Fluorinated- and non-fluorinated-diarylamine-Zn(ii) and Cu(ii) phthalocyanines as symmetrical vs. asymmetrical hole selective materials

Four symmetrically substituted and four asymmetrically substituted fluorinated and non-fluorinated-diarylamine CuPcs and ZnPcs have been designed and utilized as hole transporting materials in perovskite solar cells in a planar n-i-p structure. We established the correlation between the electronic structure, charge mobility parameters, core metal, and substituents in metal phthalocyanines. The fluorinated asymmetrically substituted undoped ZnPc-6 yielded the best power conversion efficiency of 15.40% with an open-circuit voltage (V-oc) of 1016.1 mV, a short-circuit current density (J(sc)) of 21.27 mA cm(-2), and a fill factor (FF) of 71.25%, followed by the non-fluorinated asymmetrically substituted ZnPc-5 with 14.36%. In the case of symmetrical CuPcs, the best performance was measured using non-fluorinated CuPc-3 and fluorinated CuPc-4 gave 11.53% and 10.90% of PCEs, respectively.
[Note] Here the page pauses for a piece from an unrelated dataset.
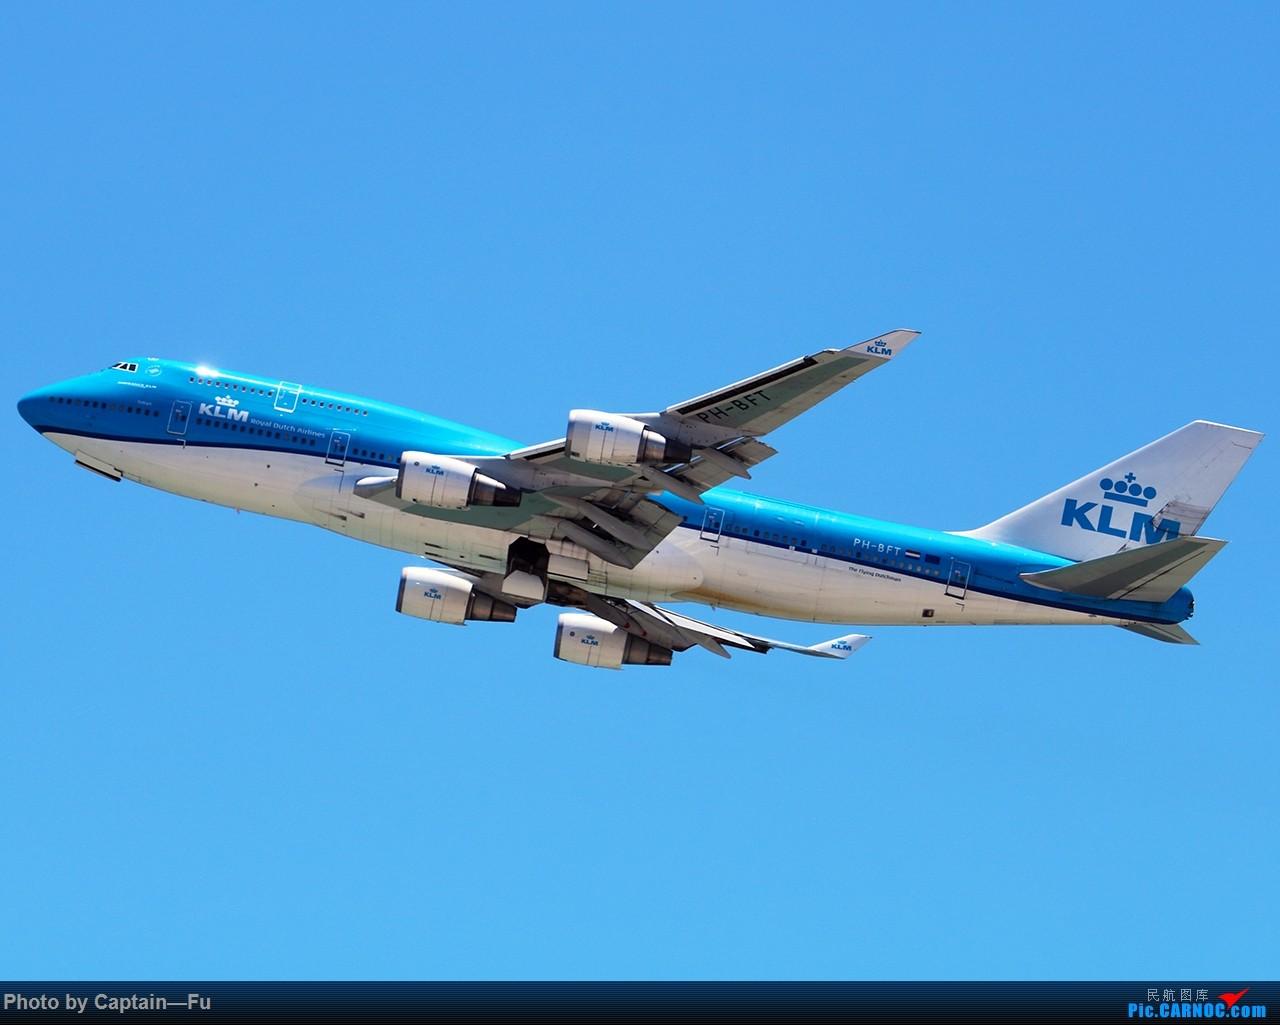 Re:[原创]香港拍机 BOEING 747-400 PH-BFT 中国香港国际机场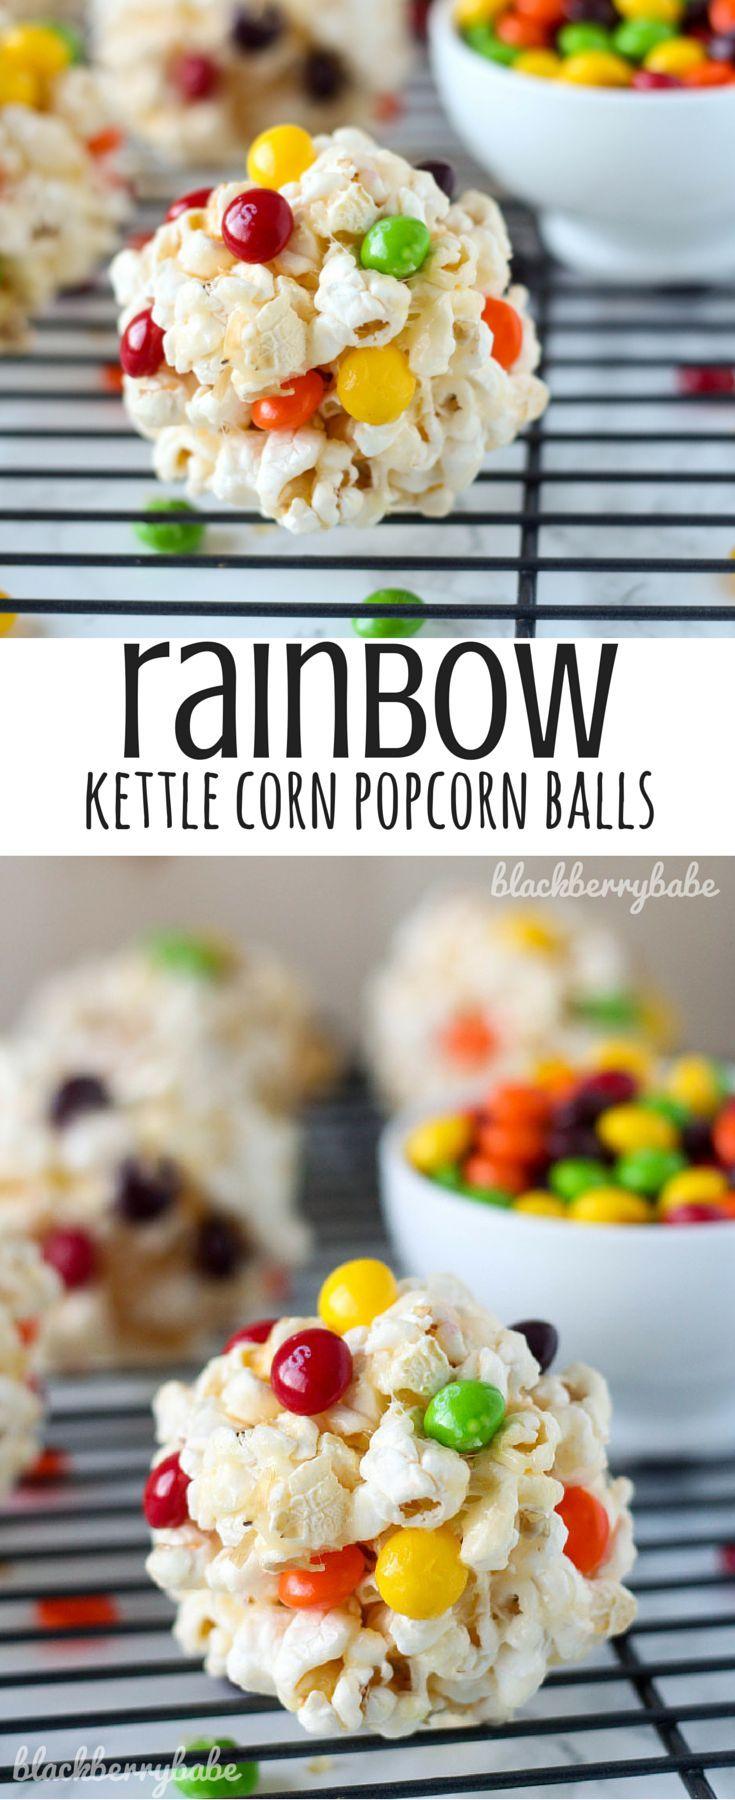 Rainbow Kettle Corn Popcorn Balls #popcornballs

Importantly, the devices with MPcs showed improved stability under multi-stress conditions.

Automated summary

Four symmetrically substituted and four asymmetrically substituted fluorinated and non-fluorinated-diarylamine CuPcs and ZnPcs were used as hole transporting materials in perovskite solar cells. The correlation between electronic structure, charge mobility parameters, core metal, and substituents in metal phthalocyanines was established. The best power conversion efficiency of 15.40% was achieved by the fluorinated asymmetrically substituted undoped ZnPc-6.